One main goal of monitoring was to capture the maximum amount of network throughput generated by DataSync agents running on EC2 instances. This information helped us calculate the number of EC2 instances deployed in each AZ while balancing costs and data transfer performance relative to the completion date. DataSync agents were deployed as EC2 instances using Terraform automation. Based on the real-time monitoring metrics, we were able to adjust the number of DataSync agents within each subnet to make sure of the efficient migration of the data. Additionally, we implemented alerts to monitor specific conditions – such as Amazon EC2 and DataSync agent availability – to keep an active pool of available agents for a given migration session.
Key findings and considerations
If you are planning a large scale migration similar to this use case, there are a few considerations worth noting before starting the migration process.
Migration strategy
It is important to plan and decide on a migration strategy. Migration strategy differs based on what the customer wants to achieve in terms of balancing a faster migration timeline or cost optimization. For LSEG’s migration, the goal was to migrate the data as fast as possible. Due to this, we accelerated the migration by using more DataSync agents across multiple AZs.
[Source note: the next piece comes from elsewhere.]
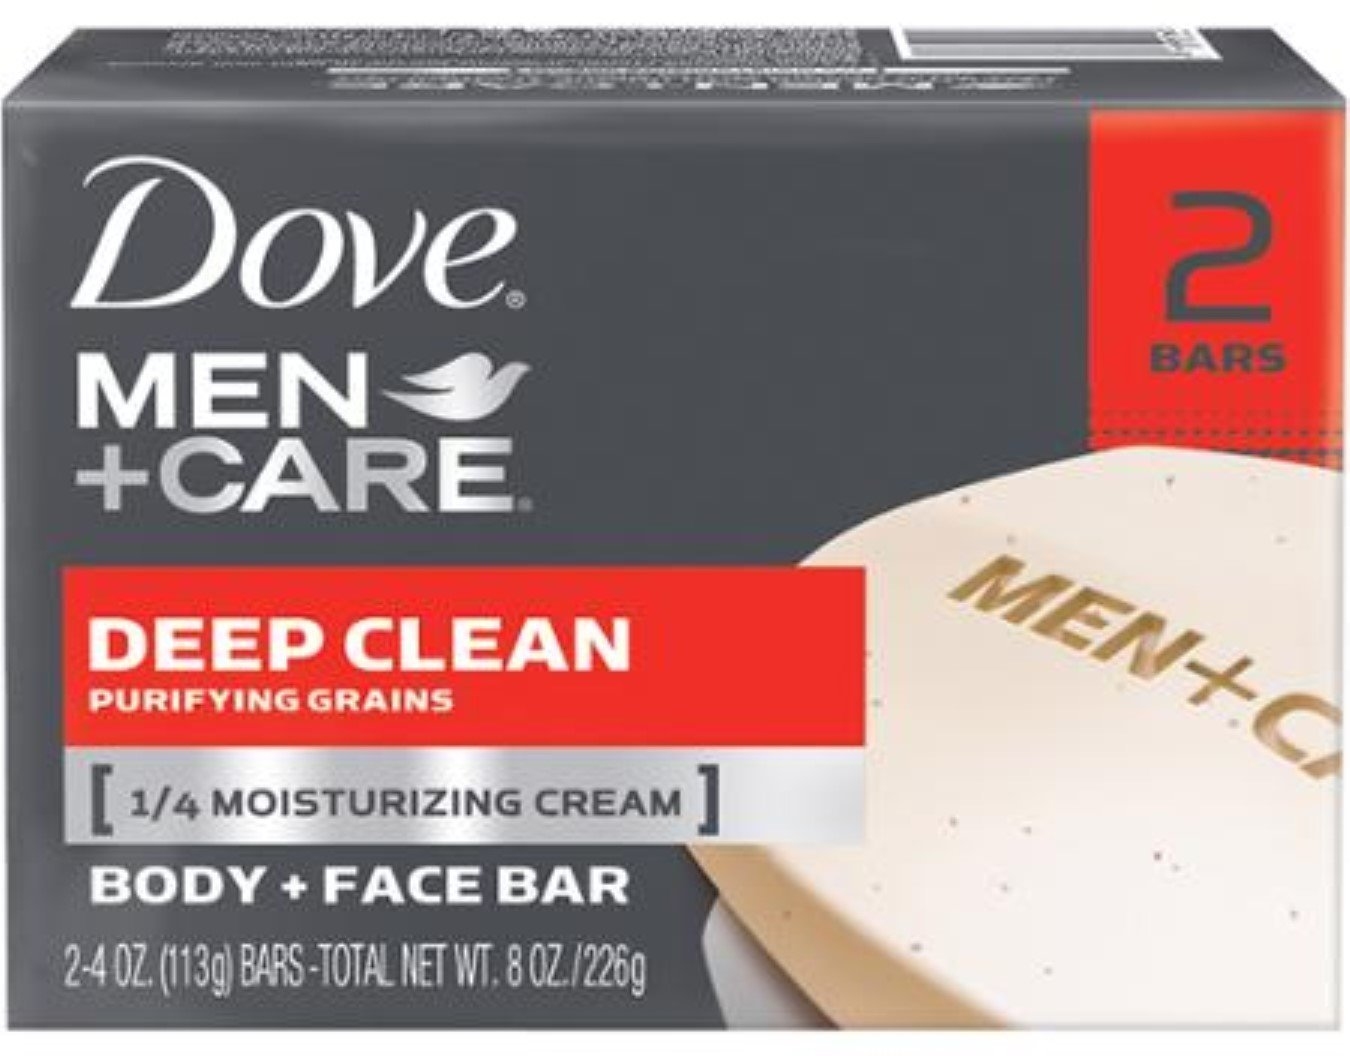 Dove Men+Care Body & Face Bar, Deep Clean 4.25 oz bars, 2 ea (2 Pack)

Another key consideration for an effective migration is how to implement failure handling for the automated migration infrastructure. The automation developed for the LSEG migration divided the effort into smaller phases and was implemented with a repeatable approach, simplifying retries when necessary. For AWS DataSync tasks that required rerun, the task was automatically restarted based on feedback from the implemented observability dashboard. It is very important to establish the migration Key Performance Indicators (KPIs) ahead of time, so that the implemented observability of the migration can track progress against these KPIs, and adjust the scale of the migration tasks as needed.
Scaling and AWS DataSync considerations
With a highly automated workflow we were mindful of how many API operations the scripting would call throughout the stack. API throttling is the process of limiting the number of API requests that a user can make in a certain period. It is recommended that applications implement retry handling in the event of API throttling. For example, an application might need to retry the request, using an appropriate sleep interval. Ideally the sleep interval should be variable based on an exponential backoff. We used the retry mechanism to avoid API throttling throughout the orchestration. Furthermore, migration sessions were scheduled outside of peak usage times.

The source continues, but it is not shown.